When running /bugzilla/ locally, one can prevent Mylin  filling up the log files by adding this to httpd.conf:

<DirectoryMatch /bugzilla/ >
	BrowserMatchNoCase Mylyn mylin=1
</DirectoryMatch>
CustomLog "/private/var/log/httpd/access_log" combined env=!mylin

Or should this go into the WiKi somewhere...
Comment 32 Robert Elves CLA 2007-07-23 01:18:29 EDT
 (In reply to comment #31) 
> Or should this go into the WiKi somewhere...
Yes, why don't you add this to http://wiki.eclipse.org/Mylyn_Bugzilla_Connector and Denis or Karl if you want to add the  server configuration optimization (I've added a place holder).
Comment 33 Mik Kersten CLA 2007-07-24 00:47:59 EDT
 (In reply to comment #31)
> BrowserMatchNoCase Mylyn mylin=1

Maarten: yes, would be great if you could add this.  When doing so please spell the project name correctly ("mylin" -> "mylyn") in order to avoid confusion.
Comment 34 Denis Roy CLA 2007-10-02 10:18:15 EDT
Reopening.

I noticed that for September, config.cgi requests totaled just over 2 terabytes (!!) of transfer.  This is about 10% of eclipse.org's total bandwidth, including downloads.

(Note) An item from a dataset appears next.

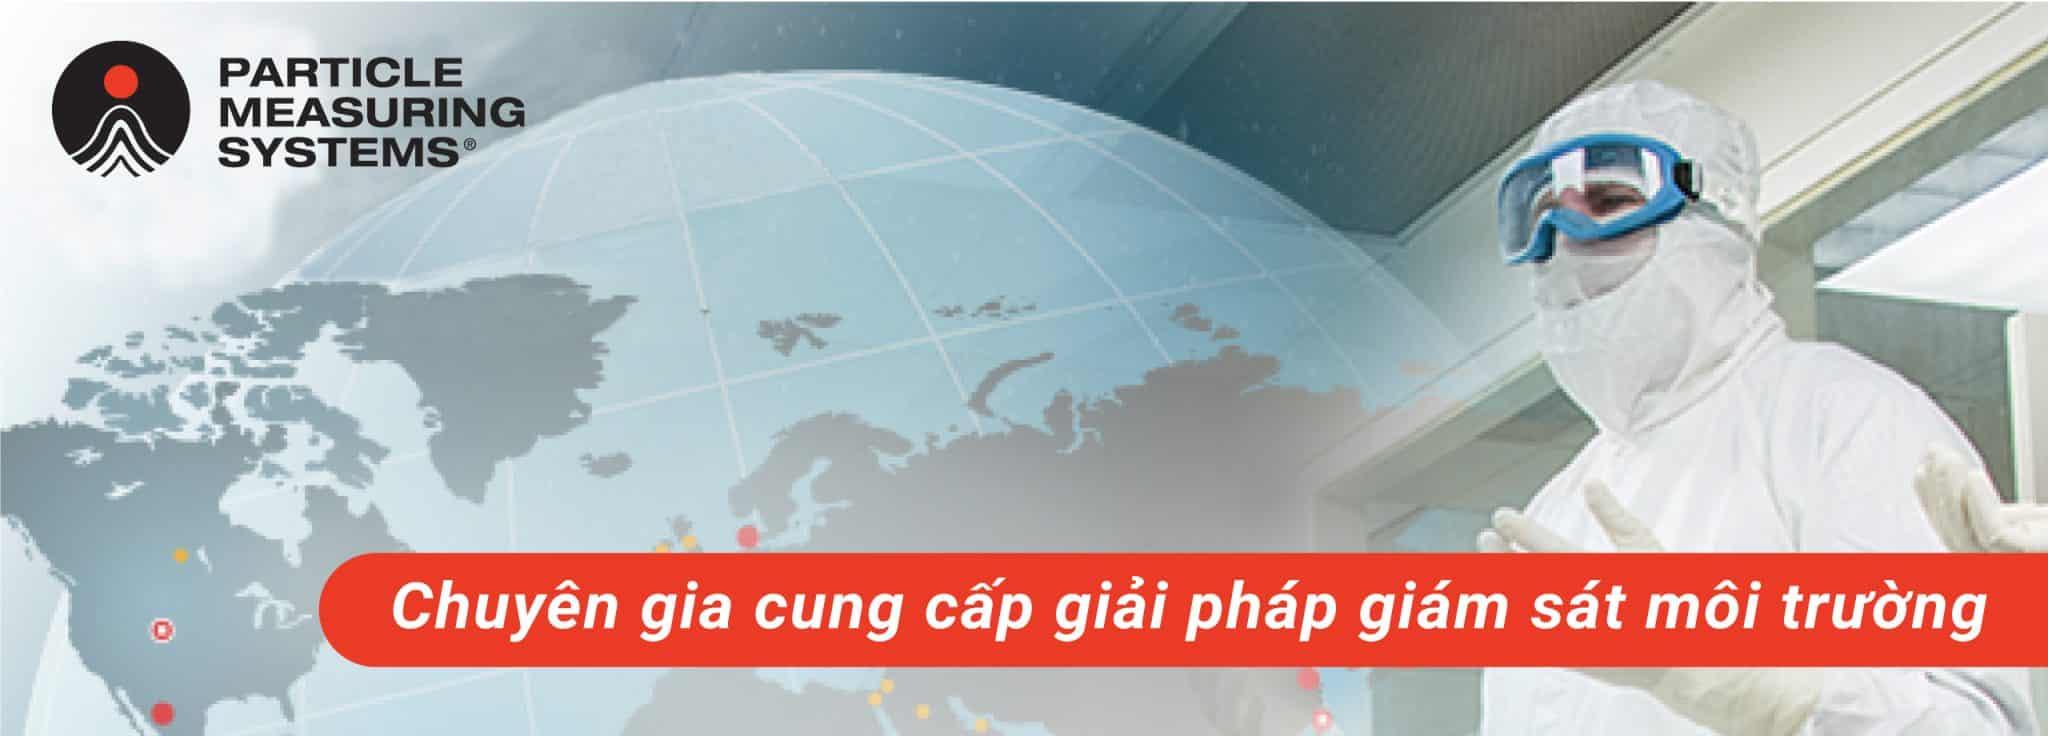 banner PMS new tieng viet
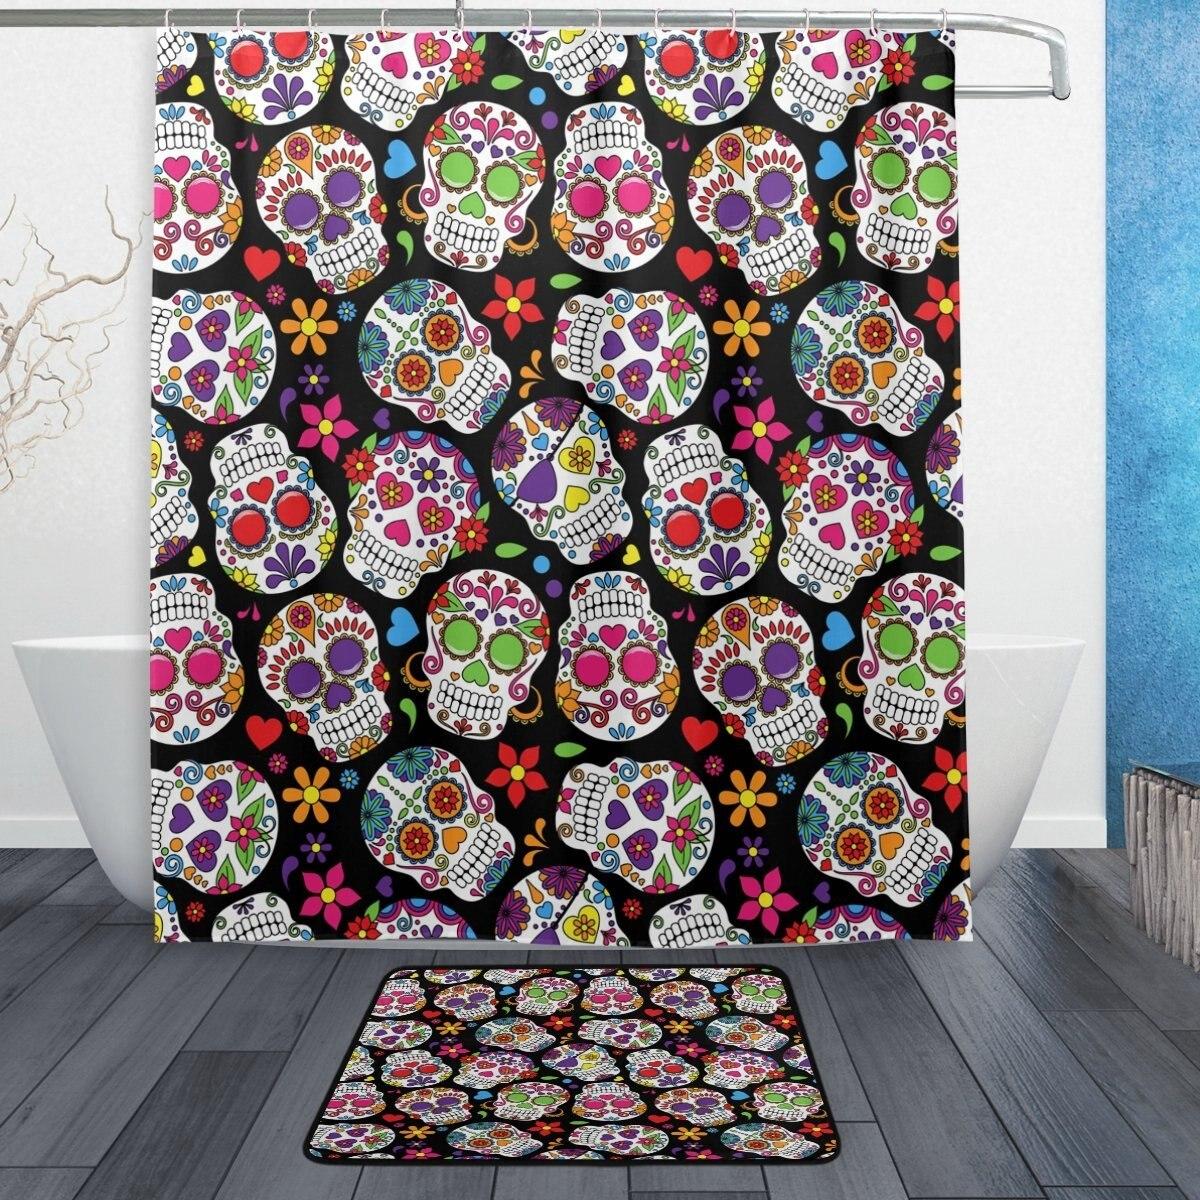 Day of Dead Colorful Flower Sugar Skull Waterproof Polyester Fabric Shower Curtain with Hooks Doormat Bath Floor Mat Bathroom

After some investigation, it became clear that the Mylyn client is not using the caching and expiry tags we set in comment 28, as notmany requests have a 304 "not modified" header.  Each request translated to a complete transfer of our repository, which is 950KB in size.

I used wget to make sure that caching was actually possible, and it is:
wget --header "If-Modified-Since: Tue, 02 Oct 2007 13:18:20 GMT"--delete-after -S --no-check-certificate https://bugs.eclipse.org/bugs/config.cgi
[snip]
HTTP request sent, awaiting response...
  HTTP/1.1 304 Not Modified
  Date: Tue, 02 Oct 2007 13:25:18 GMT
  Server: Apache
  Connection: Keep-Alive
  Keep-Alive: timeout=3, max=100
  Expires: Wed, 3 Oct 2007 13:13:46 GMT
  Cache-Control: max-age=86400, must-revalidate
09:25:18 ERROR 304: Not Modified.

From here, I can think of a couple of solutions:

1. MUST: Mylyn needs to send the correct if-modified-since header and expect a 304 in return if no changed have been made

2. SHOULD: Mylyn should store the size of the last repo transfer, then send a HEAD request and compare the current size.

3. SHOULD: Mylyn should not do more than 1 complete repo transfer per day. The repo doesn't change very often, so performing a sync more often is just wasteful

4. WOULD BE NICE: Mylyn could have a preference, default to 2 days, which would allow users to tweak how often it checks for changes.  This would allow users with low bandwidth to optimize Mylyn's usage according to their needs

In the interim, our current config.cgi will alternate between periods of 404 and 200 to spare our bandwidth.
Comment 35 Ketan Padegaonkar CLA 2007-10-02 13:16:55 EDT
Added bug 205213 to better understand things.
Comment 36 Mik Kersten CLA 2007-10-02 14:50:25 EDT
Denis: whenever we are in a period of 404 the Mylyn Bugzilla tool will be broken for any user who has not already created their queries (e.g. is a new user, creating a new query, refreshing attributes for a query).  In other words Mylyn will currently appear broken to a big portion of the users trying to use it on bugs.eclipse.org and we are in a very bad state.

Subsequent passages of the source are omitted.